**Source material:**
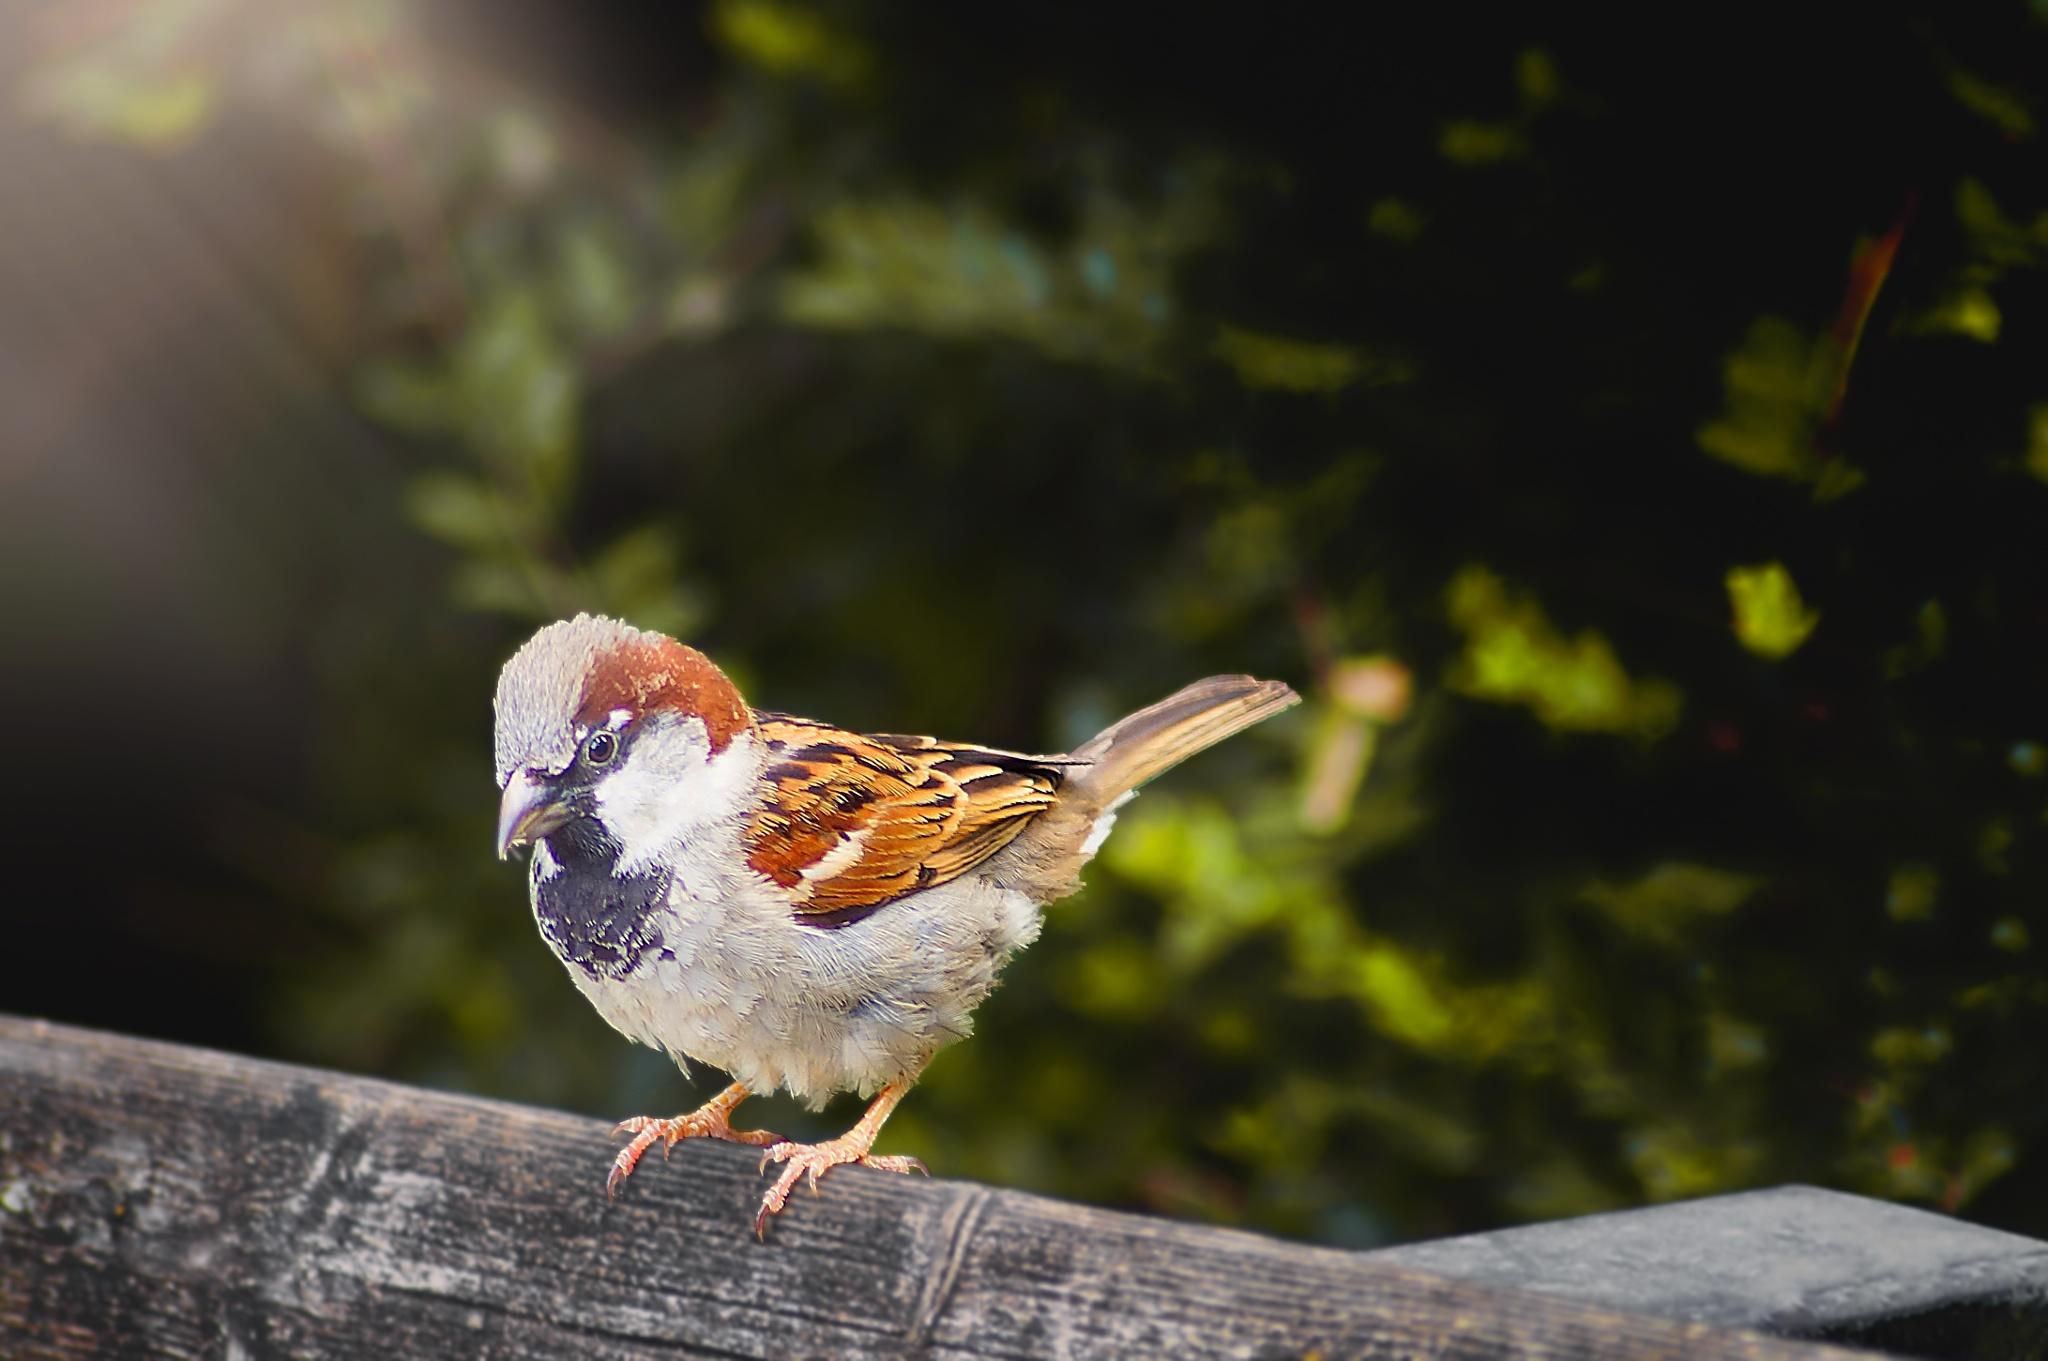 Sparrow by Mustafa Celebi
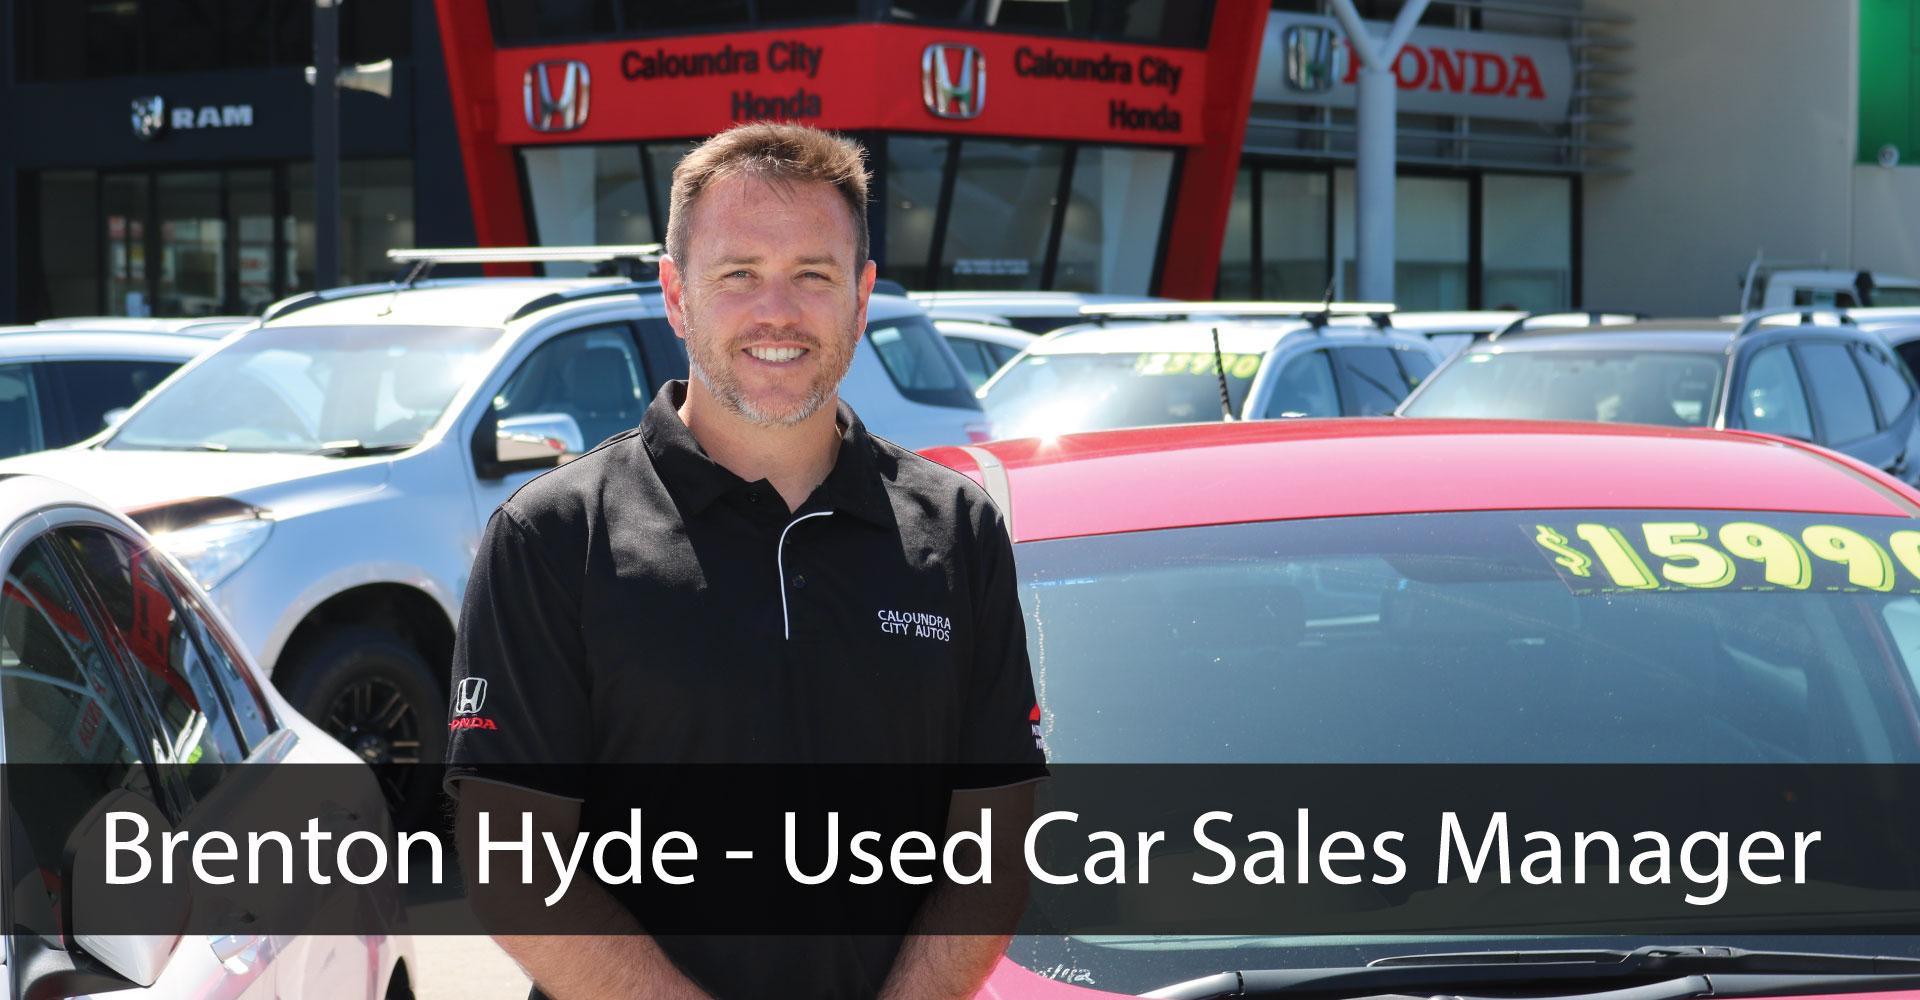 USED CAR DEALS AT CALOUNDRA CITY AUTOS
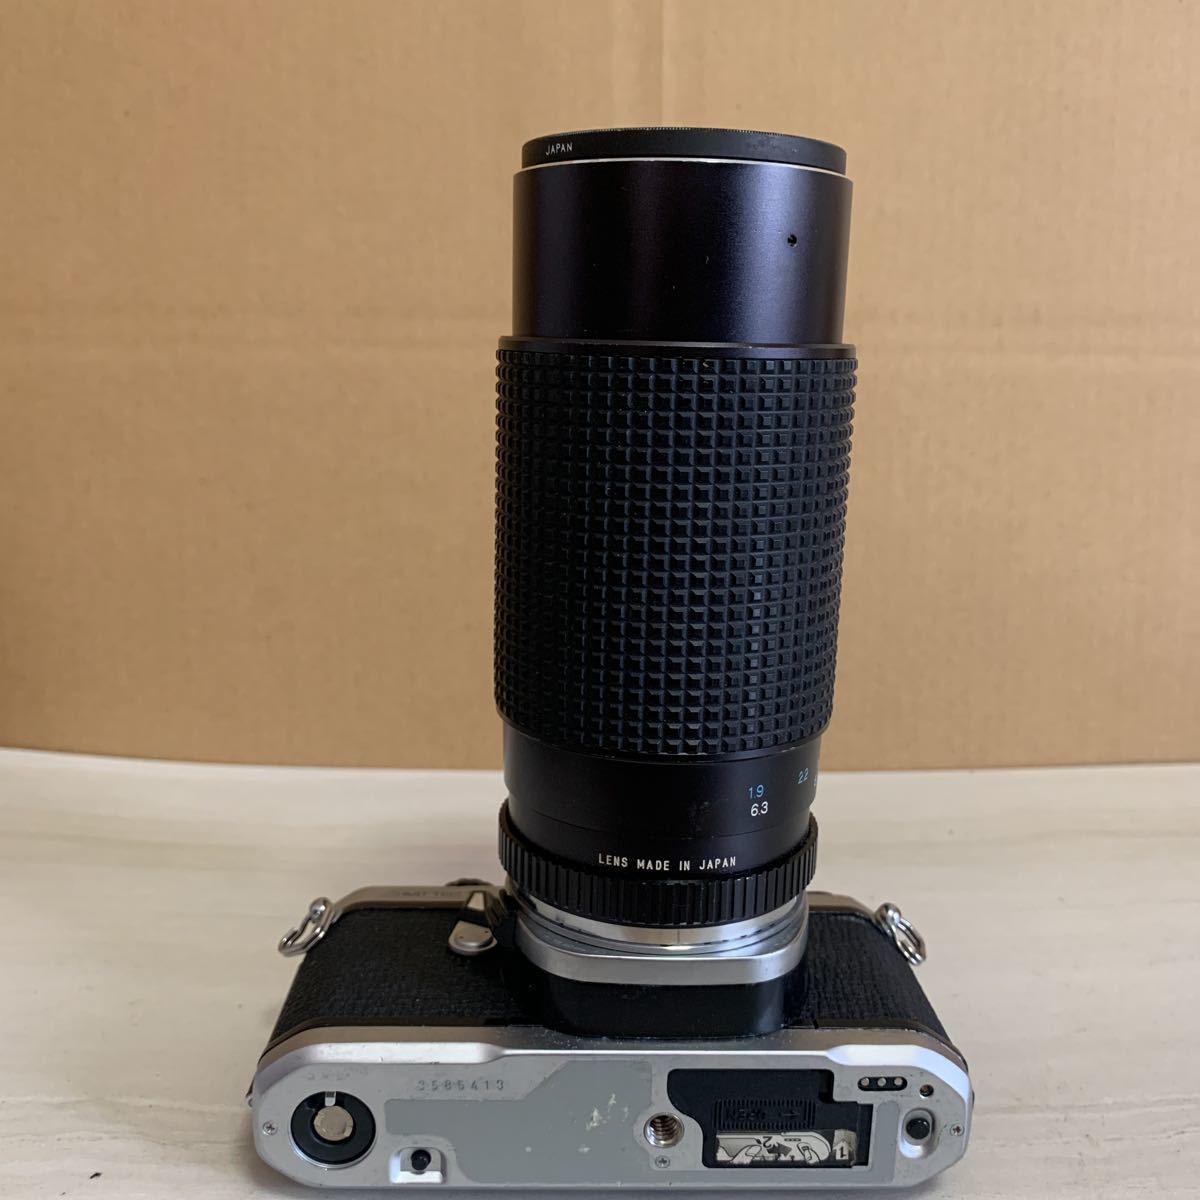 PENTAX ME F ペンタックス 一眼レフカメラ フィルムカメラ 未確認 2025_画像7

**Your goal:** Without the images, write out each line of the data verbatim.

**Answer to this problem:**
 Sparrow by Mustafa Celebi
 USED CAR DEALS AT CALOUNDRA CITY AUTOS
 PENTAX ME F ペンタックス 一眼レフカメラ フィルムカメラ 未確認 2025_画像7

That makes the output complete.